Bigger districts would make Pennsylvania lawmakers
less responsive to their constituents
By state Rep. Daylin Leach
The concept of "political reform" received a good deal of attention in recent Pennsylvania election campaigns. Certain reforms are necessary and long overdue, such as those dealing with campaign finance and legislative redistricting. But some ideas being touted as reforms would have a pernicious effect. One stark example is the momentarily popular but actually terrible proposal to shrink the size of the Pennsylvania Legislature.
The only claimed benefit of a smaller Legislature is that it would be cheaper. But even if we eliminated a third of the Legislature, each of us would save a mere 65 cents per year (about $8 million in salaries divided by 12 million Pennsylvanians). Even if you want to assume generous savings in staff salaries (although reducing the number of legislators would not lead to a proportional reduction in staff), office space and what are called "perks," at most you would double the savings to about $1.30 per year. The question then becomes: What would we give up in return for such a meager discount?
We would give up a lot.
Legislators have extensive responsibilities to represent their districts. We help thousands of constituents a year with state issues; we arrange town meetings, informational hearings, veterans' trips, etc. We go to dozens of municipal meetings, senior centers and civic associations, and mediate neighborhood disputes. Most of us work in excess of 60 hours per week and still have difficulty keeping up with all of our district obligations.
If the size of our districts grew by 30 or 40 percent, I obviously would have much less time to spend in each of my municipalities.
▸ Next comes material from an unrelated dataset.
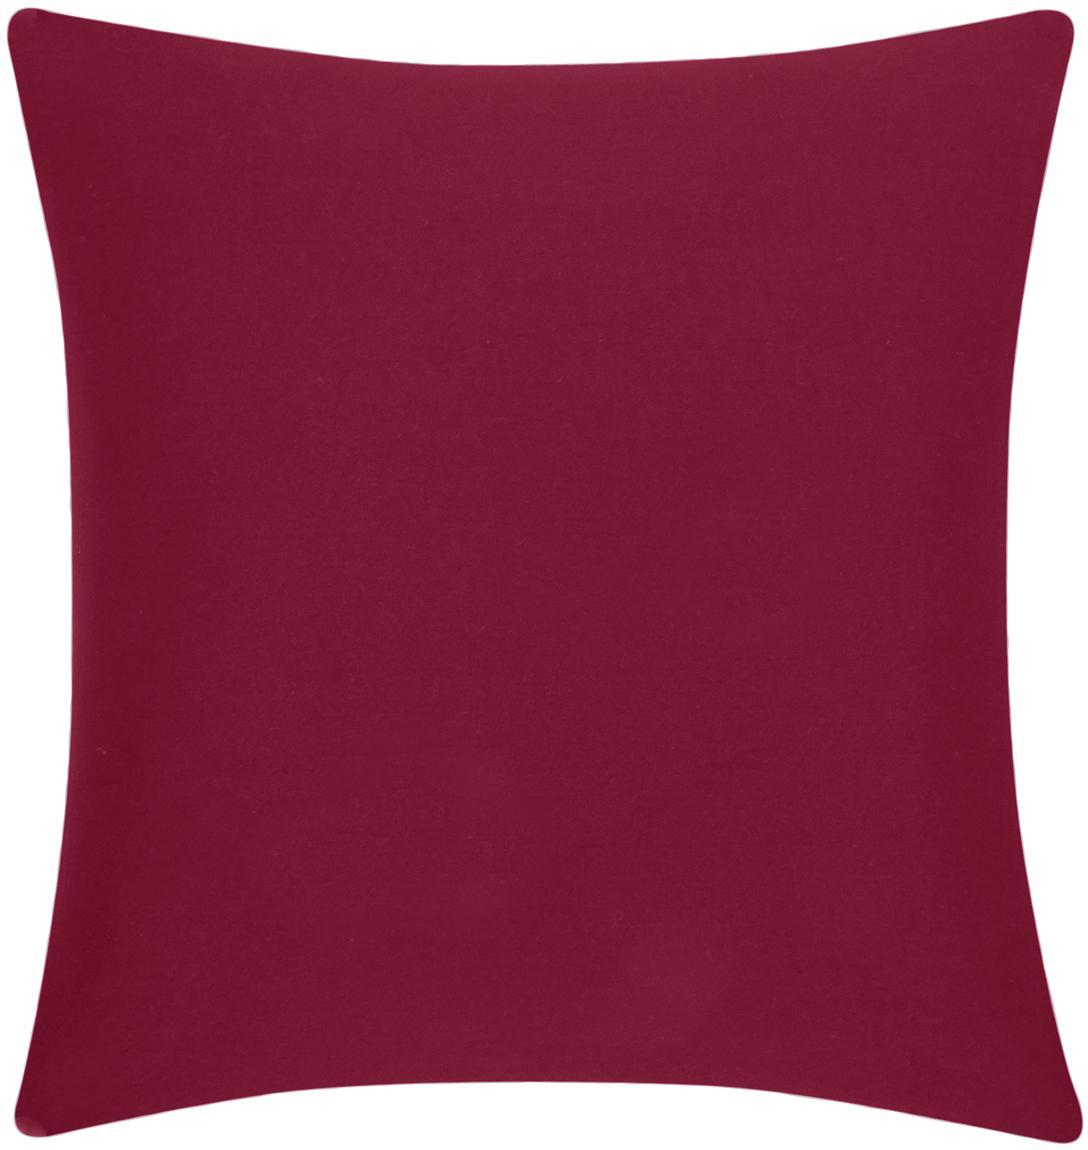 Federa arredo in rosso rosso Mads, 100% cotone, Rosso, Larg. 50 x Lung. 50 cm

The inescapable fact is that smaller districts equal better service and more responsiveness, and that alone is easily worth the extra buck or so per year it costs each of us to have a full complement of legislators.
More troubling is the damage that shrinking the Legislature would do to our political system.
First, larger districts would significantly increase the cost of campaigns. This would mean more begging for money from special interests, and it would make it more difficult for people of average means to even consider running.
Reducing the Legislature also would work against redistricting reform, which will be difficult enough to accomplish without the massive concurrent gerrymandering scrum that inevitably would result from throwing dozens of incumbents into the same districts to run against each other. Plus, whichever party is in power would draw the new and fewer district lines to ensure that they gain seats, resulting in far less political competition.
Further, certain types of voters effectively would be disenfranchised. That's because some groups tend to be geographically concentrated (Democrats, African Americans, urban-dwellers, etc.). Others tend to be widely dispersed (Republicans, rural-dwellers, farmers, etc.). With bigger districts, it is more likely that certain groups of voters would be marginalized within their districts, either innocently or intentionally through gerrymandering. Whichever the case, individual citizens would have a harder time being heard.
I also have spoken to a number of my colleagues from rural districts who adamantly oppose making districts bigger. Some now have to drive three hours or more to get from one end of their district to another. How much larger should these districts be? Would making them four-plus hours from end to end provide better representation to those living in rural areas? I don't think so.
Those who advocate fewer lawmakers often argue that we have more than most other states. This assertion is strictly true but misleading. It is unfair to compare the size of our Legislature to states like Idaho which have only a tiny fraction of the people we have. The fact is that in terms of the number of constituents per legislator, we are among the smallest legislatures in the nation.
Without unleashing a blizzard of statistics, let me point out a couple of facts. The average state representative in America represents 56,864 people. In Pennsylvania we represent 61,283. The average state senator represents 148,733 people; our senators represent 248,812. Thirty-six other states have House members who represent fewer people than we do, and 42 have senators with fewer constituents. The notion that our districts are so unusually small as to require a change in our constitution is just not supported by the facts.
Shrinking the Legislature would mean poorer service, less contact with your legislator, more expensive campaigns, greater redistricting mischief and more voter disenfranchisement, all to save a little more than a buck a year per person. This just doesn't seem like a good deal to me. Worse, the time and energy spent arguing about changing the number of legislators distracts from the real reforms that actually would make a difference in people's lives.